Ablation studies and hyperparameter analysis
Most of the comments received concerned the need for an ablation study. First, we contrasted our model with and without the Sub-Rotation Network, as shown in the Table below, utilizing the commonly used jumpingjacks dataset. These results show that Sub-Rot Network is crucial to obtaining SOTA PSNR. With Sub-Rot Network, we obtain approximately 0.5 PSNR crucial to obtain the reconstruction of small elements (like human fingers in the jumpingjacks dataset).
| batch = 4 | batch = 4 | batch = 8 | batch = 8 | |
|---|---|---|---|---|
| Sub-Rot Network | with | without | with | without |
| PSNR | 40.42 | 39.98 | 41.65 | 41.27 |
| Training time [h] | 1:18 | 1:12 | 2:08 | 1:45 |
| Rendering time [fps] | 175 | 186 | 190 | 259 |
We also present how the size of the network influences training time and render speed in the next Table utilizing the commonly used jumpingjacks dataset. These results show that deformable networks and Sub-Rot Networks are not costly in terms of rendering time, resulting in real-time rendering. In practice, batch size has a higher impact than deformation network depth.
| Deformation network depth (numbers of layers) | 4 | 6 | 8 | 10 |
|---|---|---|---|---|
| Batch: | 4 | 4 | 4 | 4 |
| PSNR | 40.91 | 40.75 | 40.42 | 40.26 |
| Training time [h] | 1:21 | 1:22 | 1:18 | 1:31 |
| Render time [fps] | 138 | 167 | 175 | 144 |
| Batch: | 8 | 8 | 8 | 8 |
| PSNR | 41.86 | 42.01 | 41.65 | 41.37 |
| Training time[h] | 2:00 | 1:58 | 2:08 | 2:07 |
| Render speed(fps) | 227 | 221 | 190 | 192 |
The following Table presents the training time and storage cost, as well as the FPS for rendering for each dataset. These results suggest that our model is memory efficient and that the time required to train it is minimal. We performed the experiments for batches 4 and 8 to show the effect of batch size. In all cases, storage costs decreased, and performance improved with a trade-off of increased training time.
| Dataset: | Hook | Jumpin | Trex | Bounce | Hell | Mutant | Standup |
|---|---|---|---|---|---|---|---|
| Batch: | 4 | 4 | 4 | 4 | 4 | 4 | 4 |
| PSNR | 37.77 | 40.42 | 39.56 | 40.63 | 41.44 | 43.38 | 46.07 |
| Time 1st stage | 00:02:48 | 00:02:22 | 00:02:41 | 00:03:12 | 00:02:27 | 00:03:46 | 00:03:17 |
| Time 2nd stage | 1:40:15 | 1:16:18 | 2:14:09 | 1:43:08 | 1:01:27 | 1:48:49 | 1:19:32 |
| Storage cost | 76MB | 53.5MB | 122MB | 131MB | 27MB | 73MB | 43MB |
| Rendering time (fps) | 138 | 175 | 90 | 123 | 185 | 138 | 169 |
| Batch: | 8 | 8 | 8 | 8 | 8 | 8 | 8 |
| PSNR | 38.07 | 41.65 | 40.74 | 40.55 | 41.59 | 44.40 | 47.22 |
| Time 1st stage [h] | 00:05:30 | 0:05:17 | 00:05:38 | 00:05:16 | 00:04:28 | 00:05:51 | 00:05:56 |
| Time 2nd stage [h] | 2:27:08 | 2:03:25 | 2:42:22 | 2:40:30 | 1:43:33 | 2:18:43 | 2:12:12 |
| Storage cost | 32MB | 24MB | 51MB | 80MB | 16MB | 28MB | 20MB |
| Rendering time(fps) | 192 | 190 | 143 | 153 | 205 | 188 | 194 |
Related Works
Another repeated feedback concerned extending the body of referenced prior works. In line with this feedback, we will reorganize and extend the literature review to include the suggested related works and make it more complete. We are also keen to acknowledge that these additional papers present lower scores than SG-CS and D-Miso. Moreover, we reckon that our D-Miso model has a stronger ability to edit dynamic scenes.

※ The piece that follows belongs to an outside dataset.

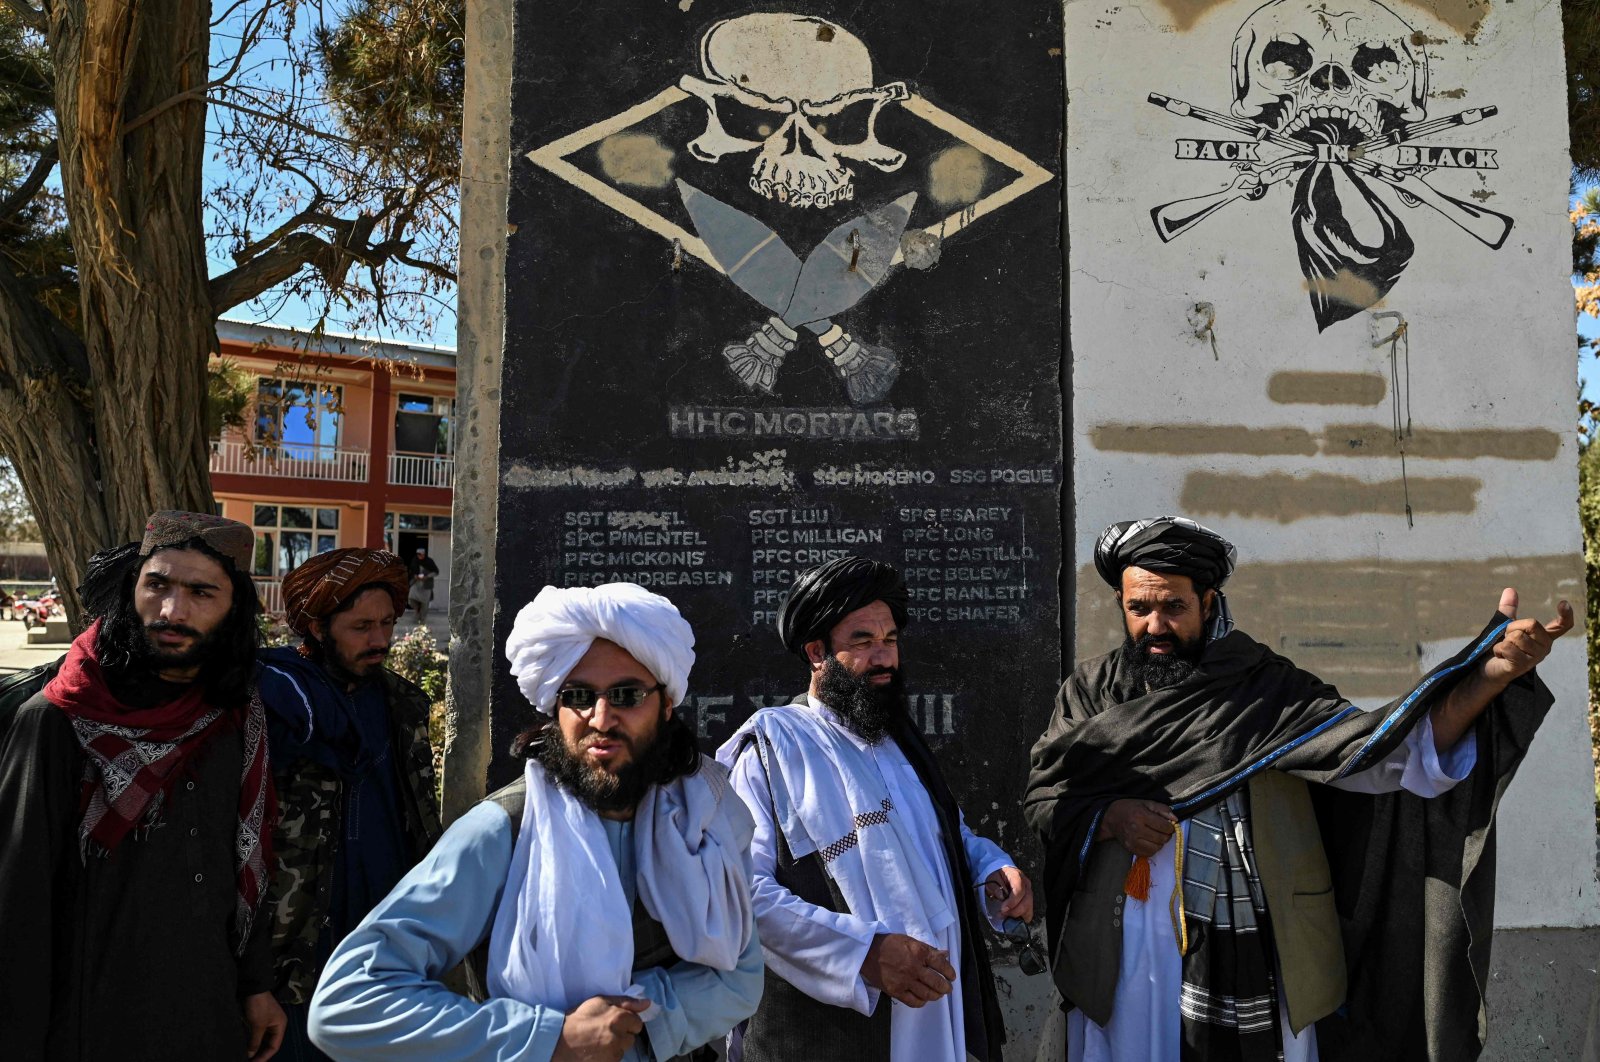 Taliban provincial culture chief Mullah Habibullah Mujahid (R) stands with Taliban members next to a section of a wall of a former U.S. military base with the names of U.S. soldiers, Ghazni, Afghanistan, Nov. 15, 2021. (AFP Photo)
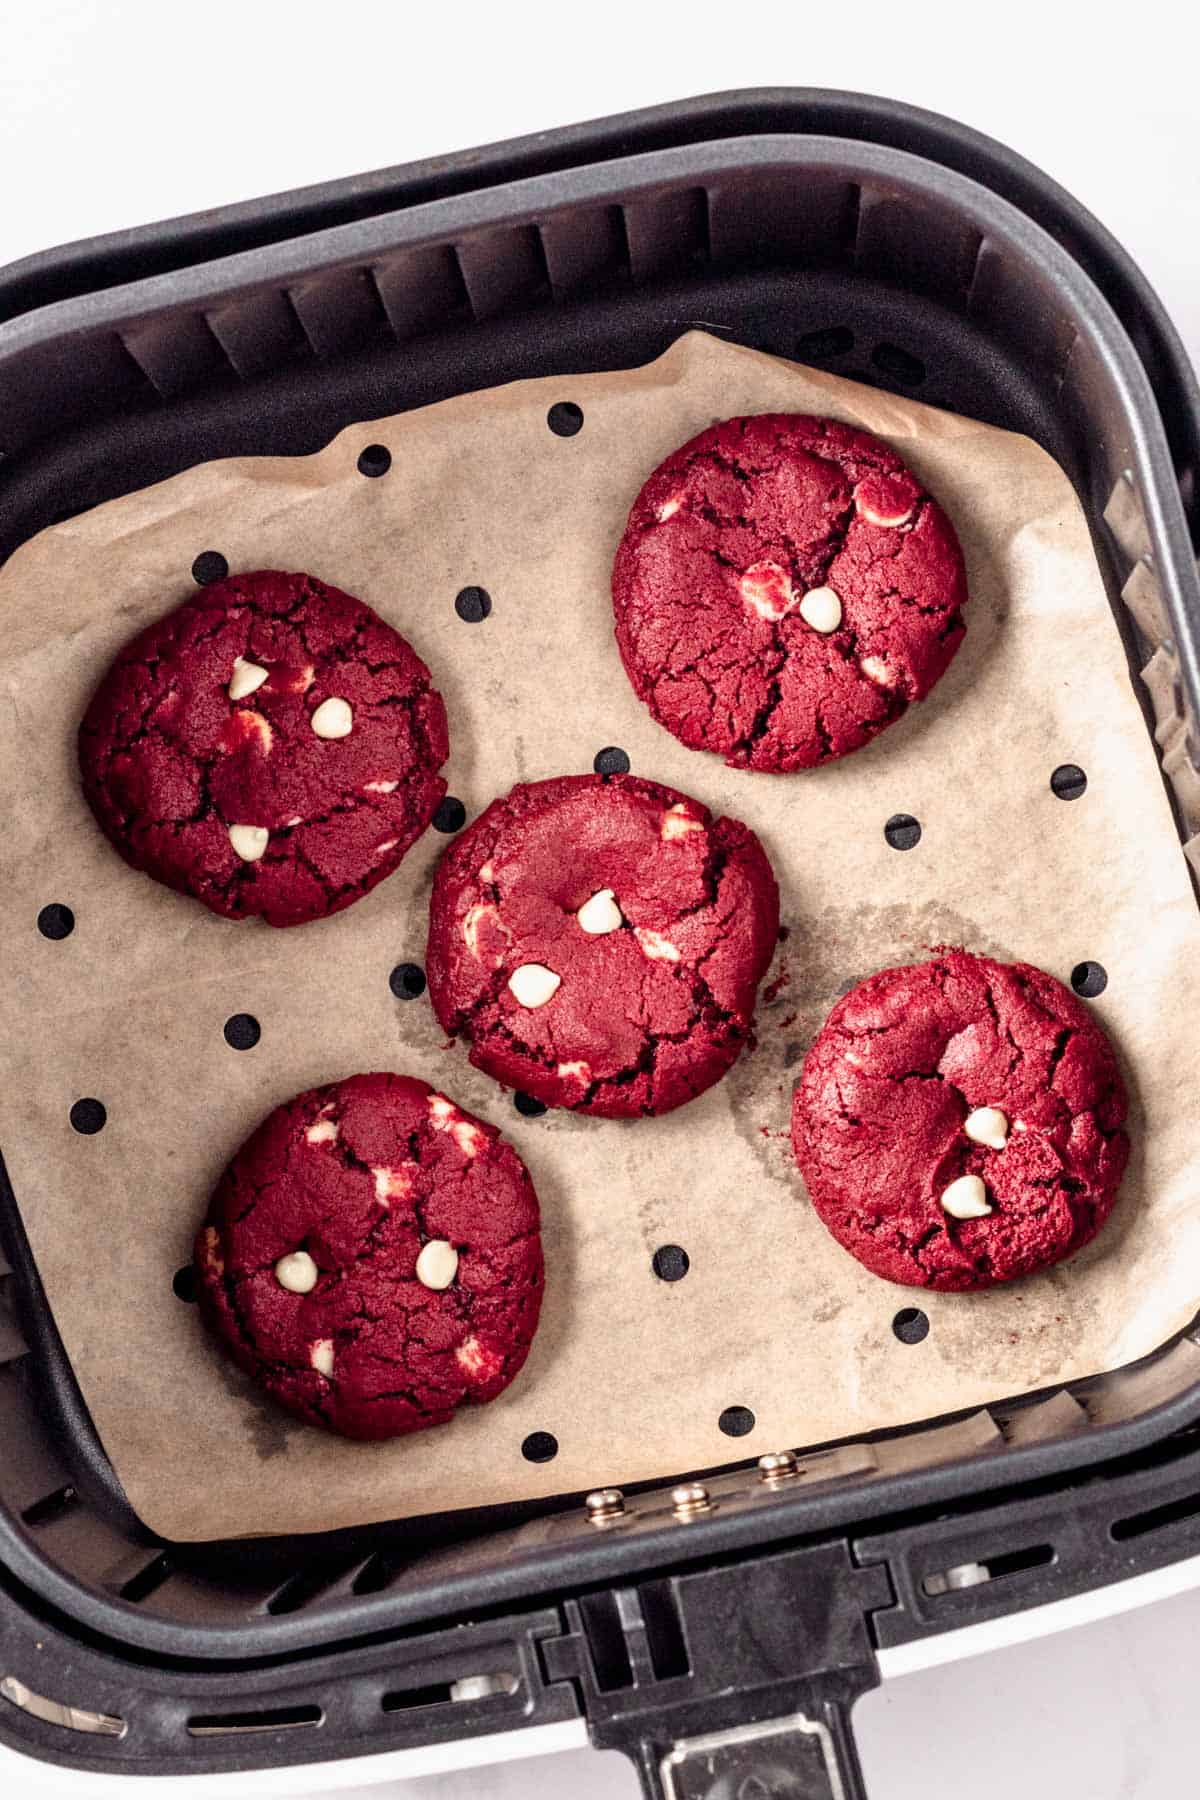 Red Velvet Cookies in air fryer right after baking

This paper introduces a Dynamic Gaussian Splatting representation that enables easier object shape editing at test time. There is an overall consensus among reviewers that this is an interesting submission and should be accepted (2x Borderline Accept, 1x Weak Accept, and 1x Accept). Therefore, I recommend acceptance.
For the camera-ready version, please polish the paper to make it more reader-friendly and include the new experiments and discussions.